'Pati, Patni, Avalu' a big yawn

Jun 9, 2004 IANS Jun 9



Film: "Pati, Patni, Avalu"; Directors: N. Shivakumar, Vijay Gujjaar;


Producer: N. Shivakumar; Cast: Adarsh, Amrutha, Ruchitha Prasad, Ramesh


Bhat, Chandra Mayur, C.R. Simha, Roopa, Shankara Bhat and others; Music:


Shyam Sunder.


If the title of the film reminds you of the Hindi film "Pati, Patni Aur


Woh", which had superb acting by the unforgettable Sanjeev Kumar, forget it!


The Kannada film is not only mediocre, but falls flat right from the opening


sequence.


The film is a story on organ transplantation, and the hero of the film


undergoes this operation not once but twice. However, the film's focus is


scarcely on advanced medical science.


The narration lacks seriousness, but doesn't make up with anything comic


either. If you thought the theme promises funny situations, you are sadly


mistaken. The film makes the audience neither cry nor laugh, but only yawn.


The story: Adarsh and Chandra Mayur are brothers, and both are motor race


addicts.
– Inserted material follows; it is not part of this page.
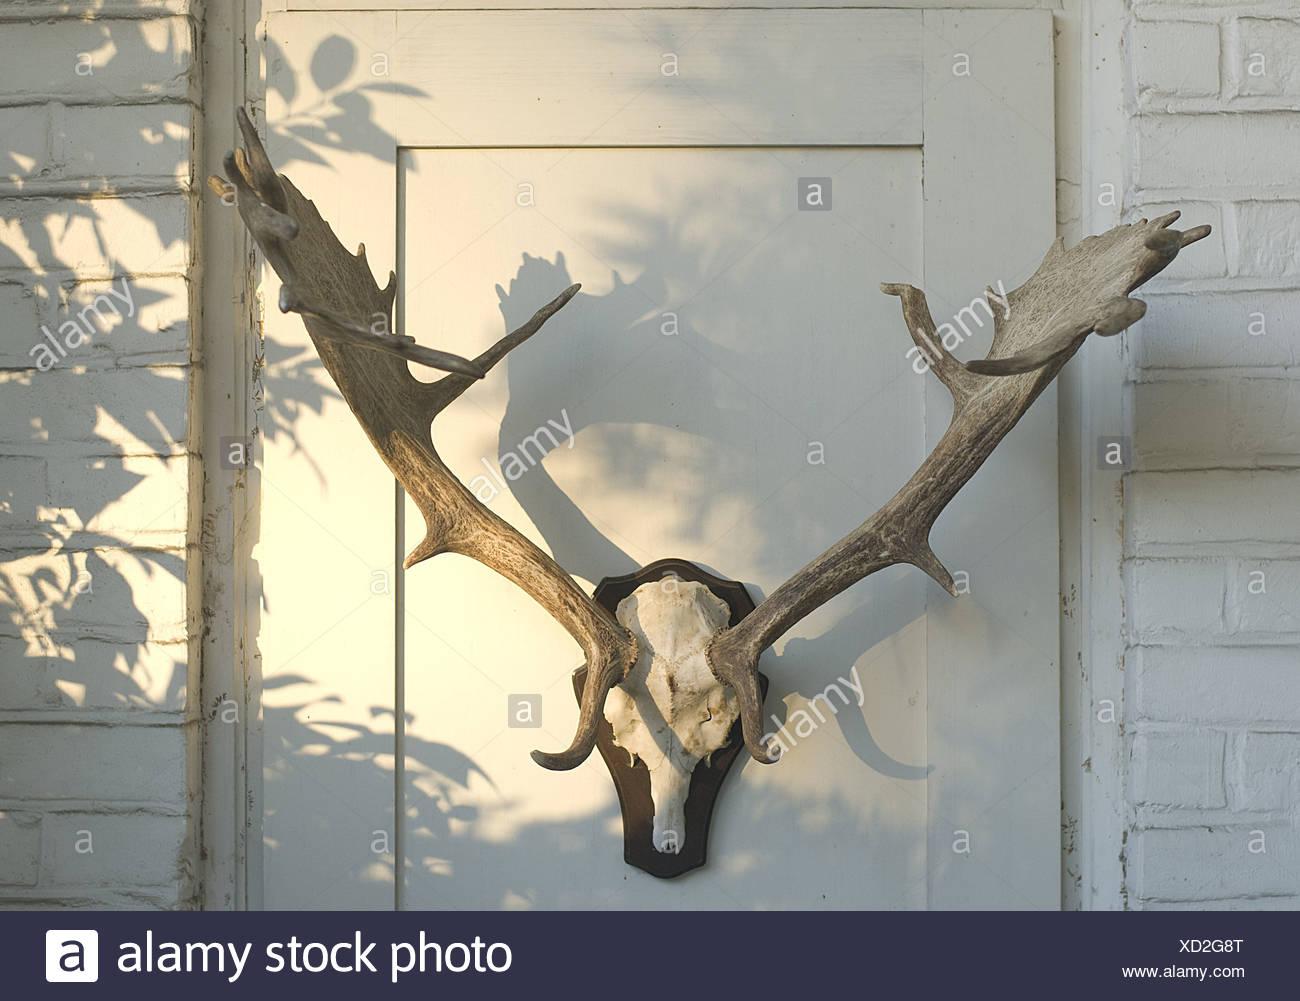 horns - Stock Image

Adarsh loses his limbs and his brother Chandra Mayur dies in a race


accident. A doctor (C.R. Simha) advises the family to come to terms with


reality and use the advantages of medical science by transplanting Chandra


Mayur's legs and hands on to his brother.


Chandra Mayur's wife (Roopa) objects at the beginning, but later agrees,


after Adarsh's wife Madhu (played by Amrutha) requests her. Roopa's


affection for her brother-in-law and her actions make Amrutha suspect her


motives.


Adarsh loses his eyes in another accident, and the eyes are transplanted by


an unknown person who had died in Delhi. Adarsh becomes a normal person, but


unfortunately he has to contend with another woman who was the wife of the


person whose eyes were transplanted on him.


The woman likes her husband's eyes so much that she comes to Bangalore to


see the eyes now transplanted on Adarsh. She also wants Adarsh to be hers.


How this complex request gets sorted out is the climax.


The film proceeds at an agonisingly slow pace. The artistes look


emotionless, enacting an insipid script.


Shyam Sunder has provided some good tunes, but the filming is totally out of


place.


Adarsh, who was so good in his first film "Dumbi", and the glamorous Amrutha


have utterly failed to deliver the goods.